Most modern AI systems are “black boxes,” offering predictions without clear reasons. To make AI more transparent, many applications turn to rule-based models that resemble human if–then reasoning: for example, “if blood pressure is high and age is over 60, then risk is high.” These rule sets are especially attractive in sensitive areas like healthcare, law, and finance, where users need to inspect and trust the logic. But real-world data are rarely perfect. One common problem is label noise—cases in which the supposed “correct answer” in the training data is wrong, such as a misrecorded diagnosis or a mislabeled customer outcome. While label noise is known to hurt prediction quality, its impact on the stability of AI explanations had not been systematically studied.

Testing How Explanations Hold Up Under Noise

The authors evaluated how robust rule-based explanations remain when labels are gradually corrupted. They used four different datasets from healthcare, banking, liver disease, and even number theory, all set up as yes–no prediction tasks. Three rule-learning methods were compared: two popular, fast algorithms (IREP and RIPPER) and a more computationally intensive approach called Human Knowledge Models (HKM), which explicitly aims to produce very simple, human-like rule sets. For each method, the researchers repeatedly trained models while randomly flipping a growing fraction of the training labels—from almost perfectly clean data all the way to near-complete nonsense.
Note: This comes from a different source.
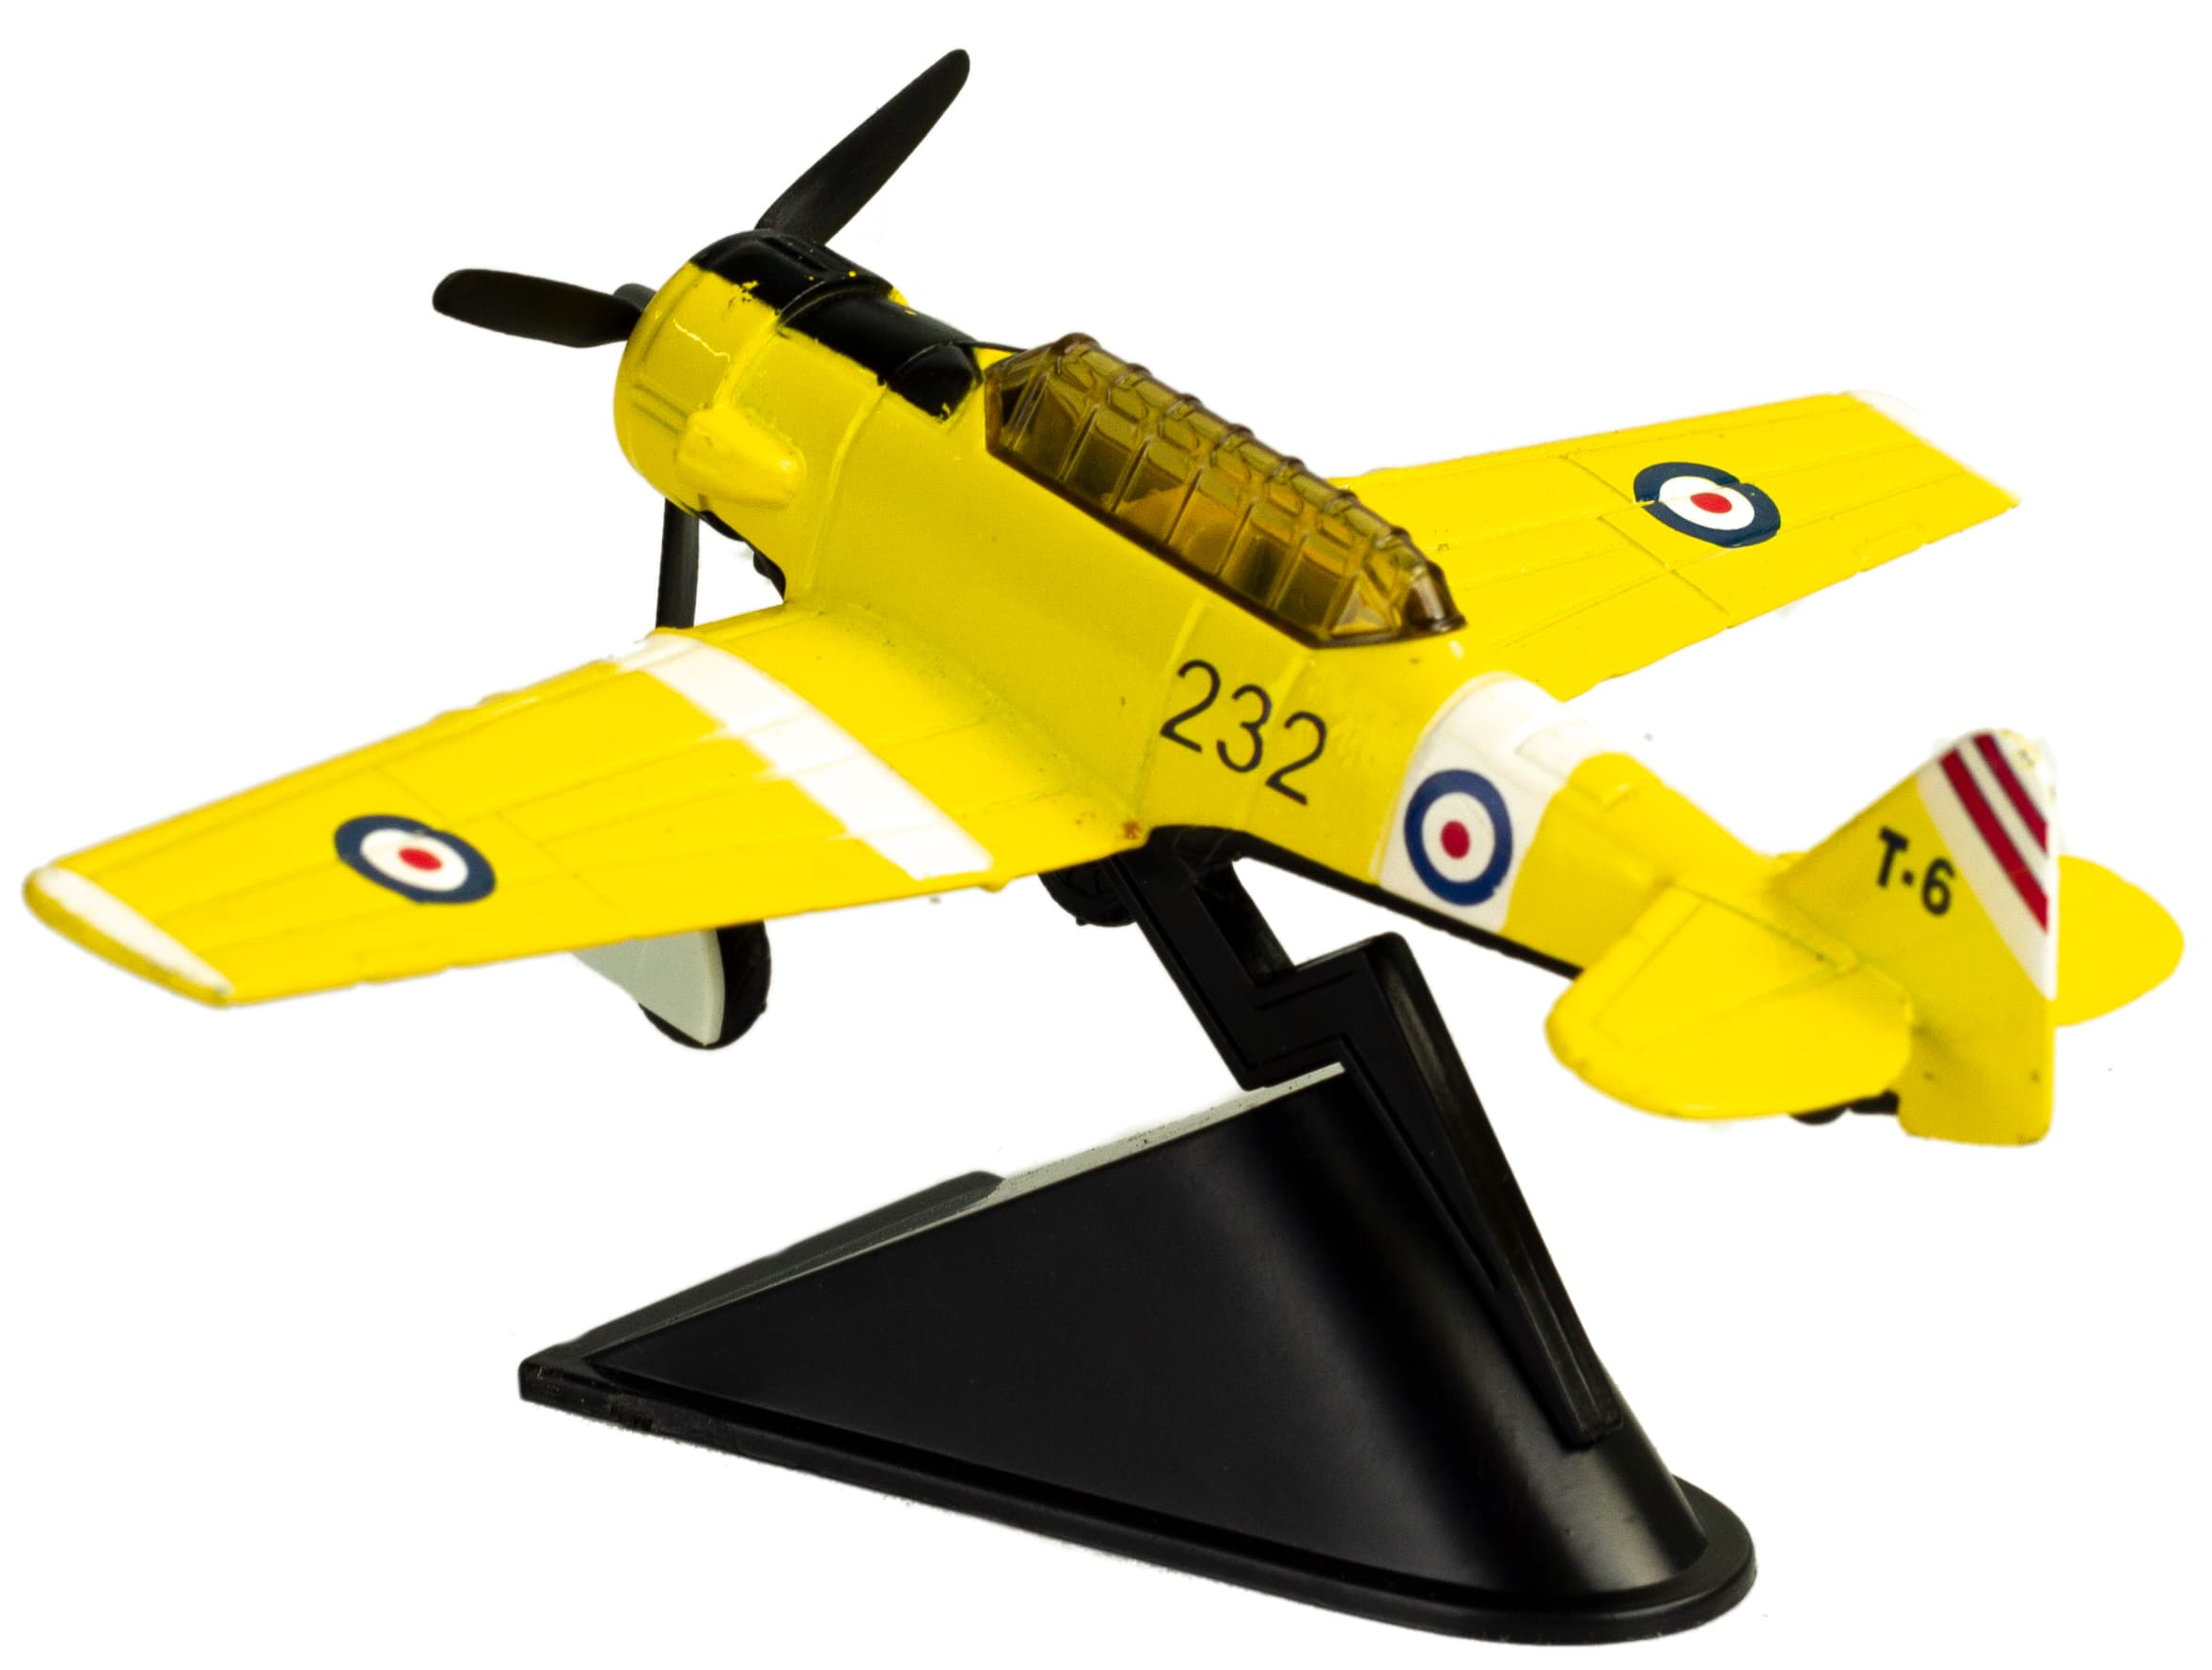 Металлическая модель военного самолета-истребителя «Classic Fighter. PX» 10 см. F8211012B, винтовой, на подставке / Желтый
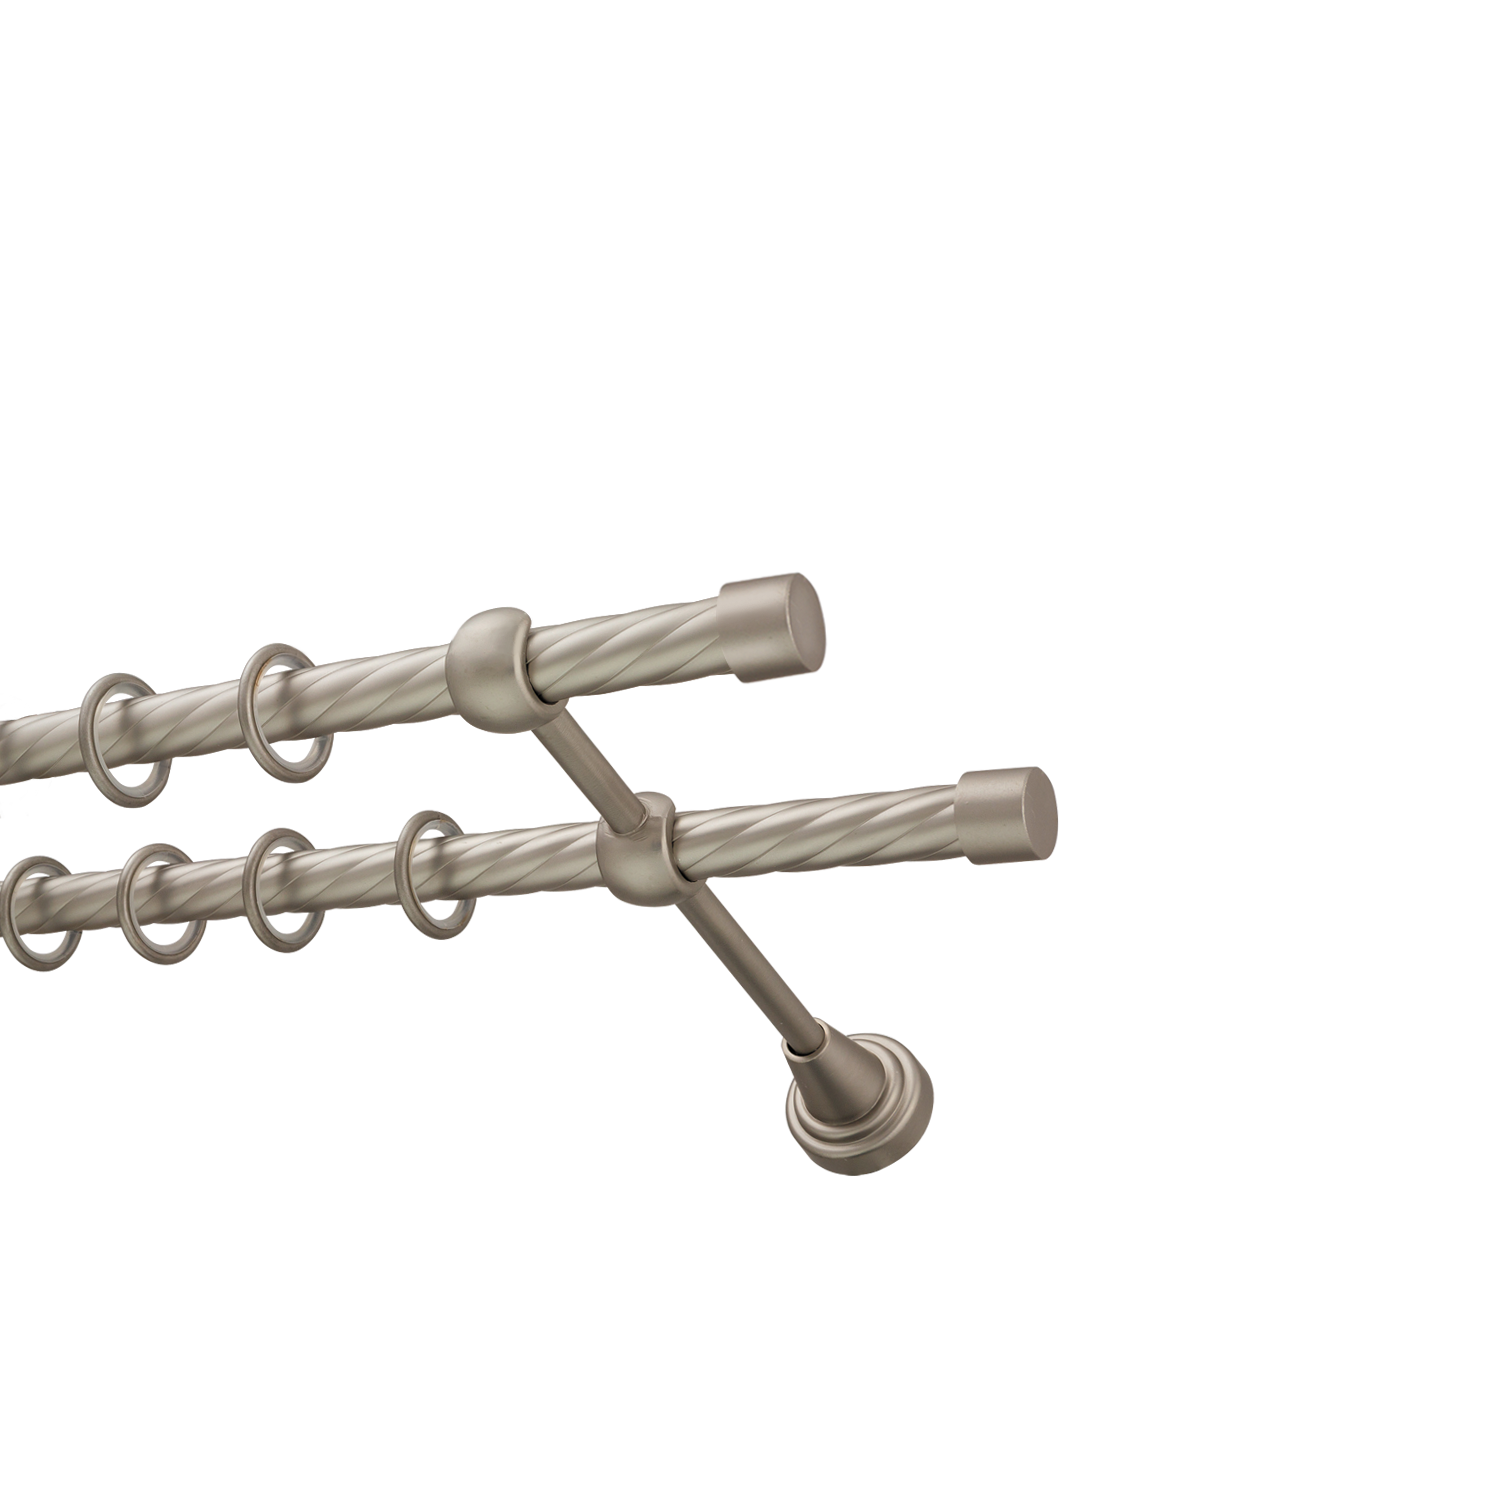 Металлический карниз для штор Заглушка, двухрядный 16/16 мм, сталь, витая штанга, длина 300 см - фото Wikidecor.ru

They tracked two things in parallel: how well the models still predicted on a clean test set, and how much the learned rules changed compared with those from noise-free data.

Accuracy Steady, Logic in Flux

On the surface, the results could lull users into a false sense of security. For moderate noise levels, especially with the HKM method, predictive performance appeared relatively stable when measured by the common F1 score. Yet a closer look at the rule sets told a different story. Using a similarity measure that compares collections of rules, the authors found that even modest amounts of label noise rapidly eroded the overlap between the original and noisy explanations. In other words, the model might still be right about many cases, but for increasingly different reasons. More complex rule sets were especially fragile: as the number of conditions in a rule grew, small changes in the data more easily fractured or replaced those rules, accelerating the loss of interpretability stability.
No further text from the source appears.